Barefoot running is back in the news. Or rather barefoot-style running shoes. It’s the kind of “news story” that has “legs”. Yet the media angle is often misleading. I will quote from the first sentence of the story that appeared on the International Business Times website earlier this week: “A recent study seems to indicate that popular minimalist running shoes like Vibram FiveFingers, designed to encourage a barefoot running-style gait, are more likely to lead to bone injury.”

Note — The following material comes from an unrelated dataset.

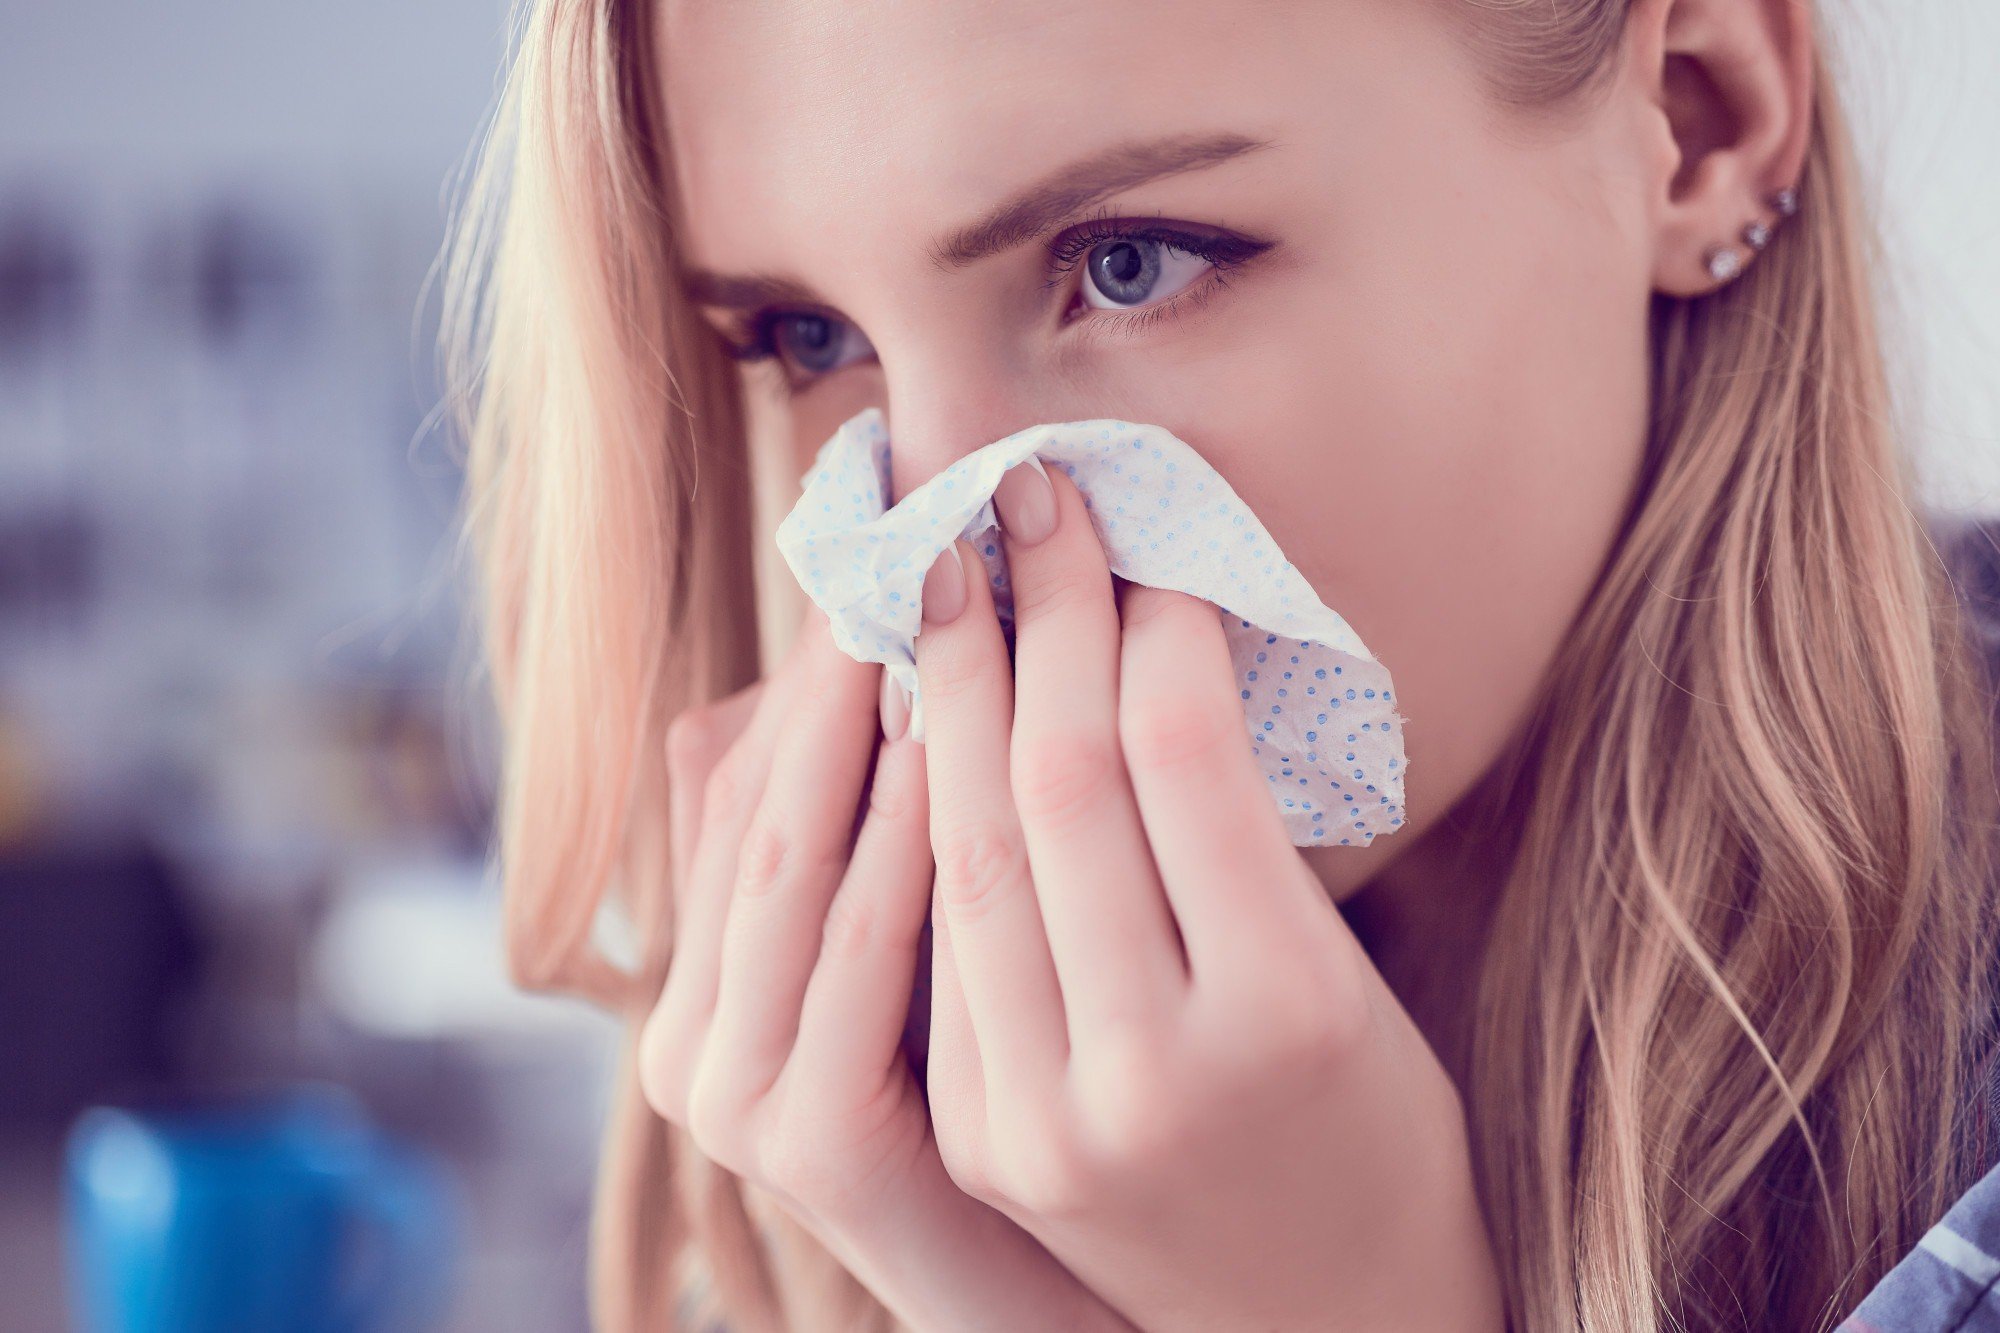 Allergic to Mold? Here Are 5 Common Symptoms of Mold Allergies

That new study “Foot Bone Marrow Edema after 10-week Transition to Minimalist Running Shoes” first appeared in the February 2013 issue of Medicine & Science in Sports & Exercise. In the small, short-duration study, researchers from Brigham Young University divided young (average age 26) recreational runners (average weekly mileage of 15-30) into two groups. These runners were all running in traditional shoes with no prior experience in Vibram FiveFingers (and we assume barefoot or other true minimalist shoe) and none had significant injury in the six months before the study. The first group continued their normal training in their conventional running shoes. The other group continued their normal training and added some of their running in Vibram FiveFingers.
A Runner’s World online article then soon appeared with this boldly provocative title: Study: Vibram FiveFingers Lead to Greater Risk of Foot Bone Injury. A smaller font with no bold subtitle appeared: More evidence supporting a gradual transition to barefoot-style shoes. I agree with the subtitle.

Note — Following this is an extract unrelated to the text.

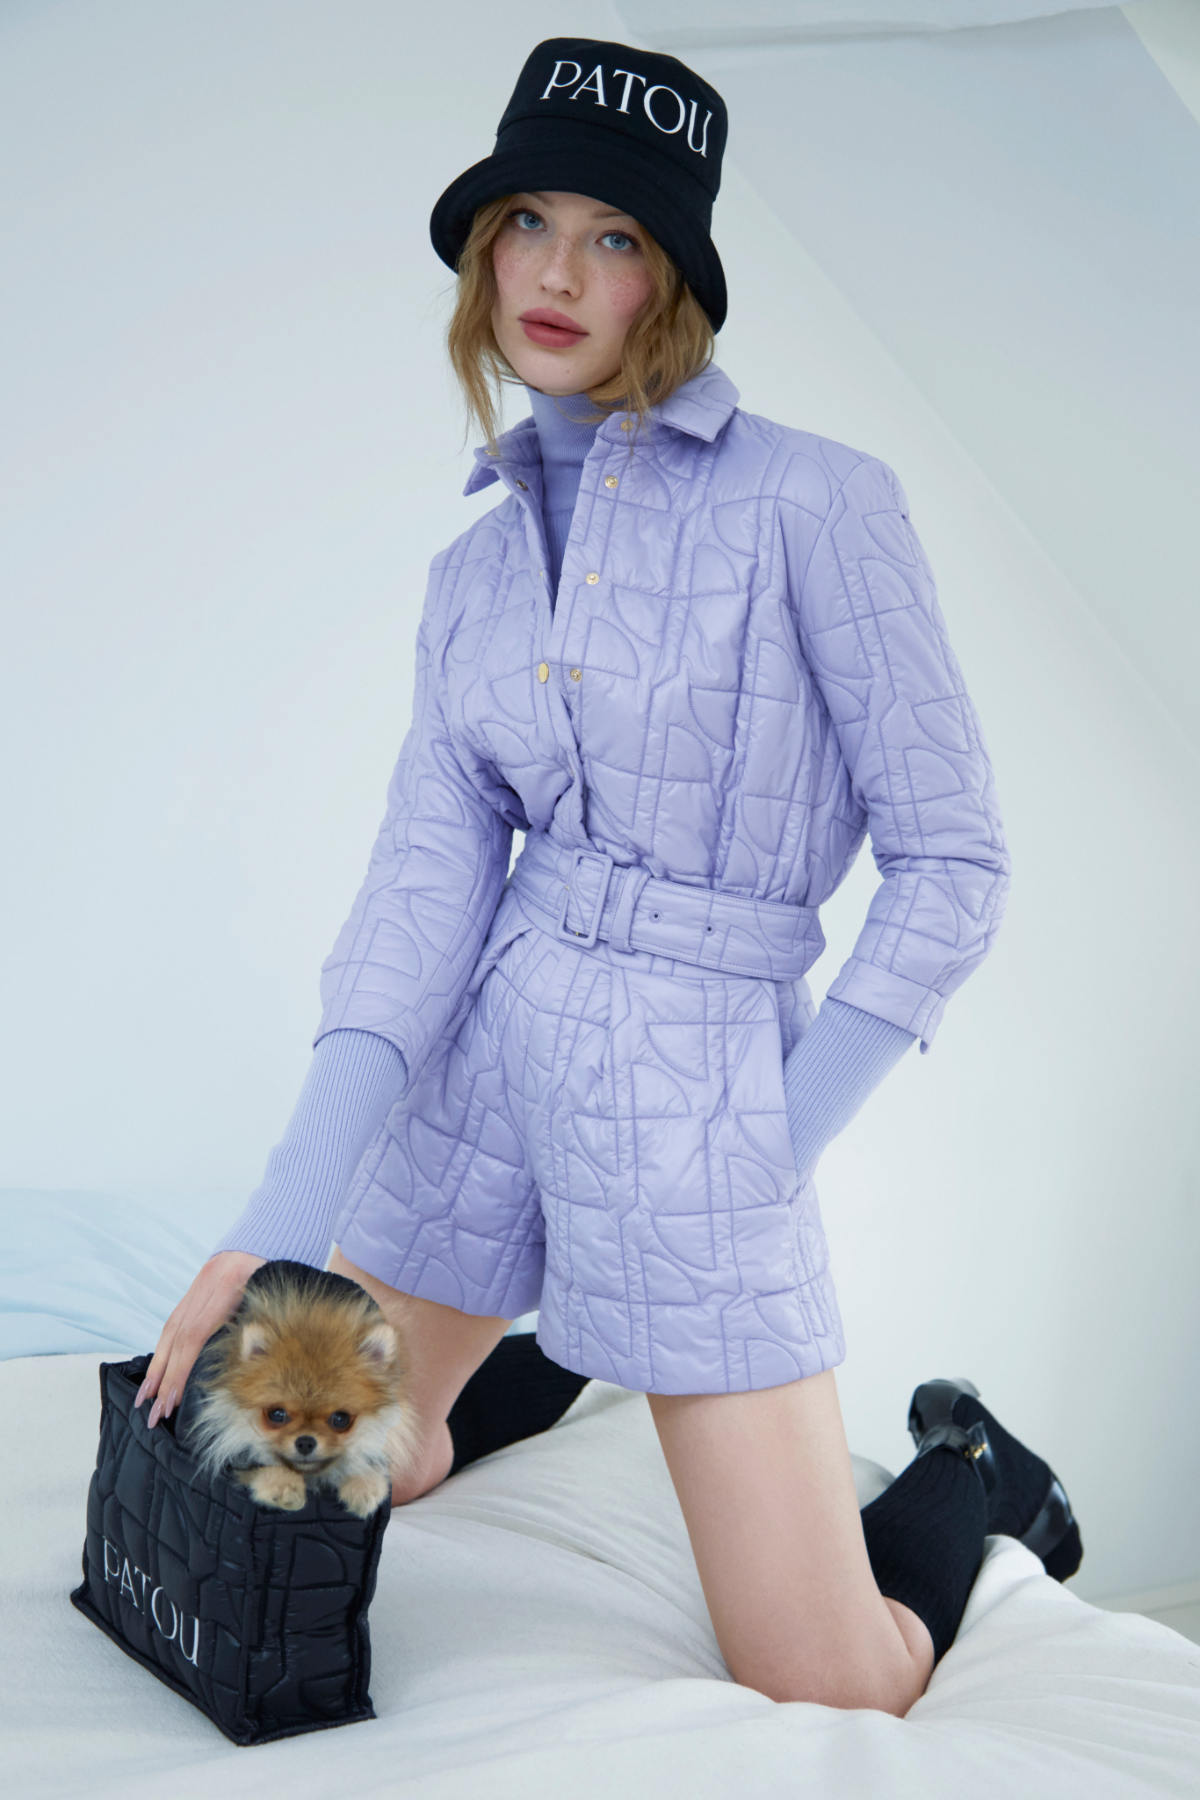 Patou Fall Winter 2022 Collection - Act 3&4: The Patou Two

As a background and as followers of the Natural Running Center already know, I am a physician, minimalist runner, and own a running shoe store (Two Rivers Treads) selling only minimal drop shoes. In our small store in the small town of Shepherdstown, West Virginia, we have transitioned thousands of runners into flat footwear safely over the last three years. For most runners who have years in traditional shoes it takes months , even years , to be able to do the majority of running in FiveFingers. We have a safe transition page on our store website. Other Natural Running Center store partners offer the same kind of information and cautionary advice with all their customers: transition to minimalism takes time, and the actual duration depends on a case-by-case basis.

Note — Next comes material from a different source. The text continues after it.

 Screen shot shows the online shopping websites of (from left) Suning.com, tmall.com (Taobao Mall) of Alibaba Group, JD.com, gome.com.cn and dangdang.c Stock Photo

No runner should be advised to run in FiveFingers unless an assessment of strength and mobility is performed and a focus is turned to improving form. If you do not have a skilled person to assist you.
Some important points to consider before agreeing with the Runner’s World main title that FiveFingers lead to injury.
• First, shoes do not cause injury. Running causes running injury.
• The attrition rate of the study was 7 out of 36 (19%). This is high for a small study.
• From the article: “some subjects stopped logging their runs prior to the 10th week of training and 4 of the 19 Vibram subjects did not document their training at all.” So we have no clear idea how these runners were transitioning.
• From the article: “Although the original intention of the study design was for all subjects to have completely transitioned to VFF running shoes by the end of the 10 weeks of training, this did not happen for the majority of subjects.” In my opinion, no coach or advocate of minimalism would ever suggest a runner completely transition to FiveFingers in 10 weeks if coming out of a traditional shoe.
• From the article: “Seven subjects ran their maximum mileage in VFF prior to or during week 4.” This is called Vibram Exuberance syndrome (thank you Barefoot KenBob for this term) . Likely these runners felt a decreased effort or increased pleasure in running but their bones may not have made full adaptation.
• The weekly mileage of the groups differ. The traditional group run more with no explanation. Maybe they were training more even before the transition? Maybe they where less limited? There is no information about the group comparison before the study start (mileage, years of run, more detailed histories or assessments of strength/function).
• From the article: “the two individuals that suffered stress fractures reported perceived pain scores of 2 and 4 out of 10 during running, while some other runners without injury reported higher pain levels.” An important unknown here is what level of edema is a positive adaptation vs. overuse. Bones will adapt if the stimulus is gradual. While we all agree that overload on an unadapted tissue contributes to injury, lower levels of edema can also signal active remodeling and may not be a sign of injury but rather bony adaptation.
• The transition protocol used in this study was modeled from suggestions for transitioning to VFF published on the Vibram FiveFingers website in January 2011. The suggestions on the website have changed since then based on Vibram’s concern for healthier running and activity in their footwear. Vibram FiveFingers was not marketed or advertised as running shoes in the early years and runners started discovering them and on their own made the change with little guidance. With the assistance of an expert panel, Vibram created a state-of-the-art education site in early 2012. The runners in this study followed none of the barefoot training as far as we can tell. Most of the barefoot training occurs apart from the running. http://www.vibramfivefingers.com/education/why_barefoot_works.htm
A few thoughts before we draw any real conclusions from this small study.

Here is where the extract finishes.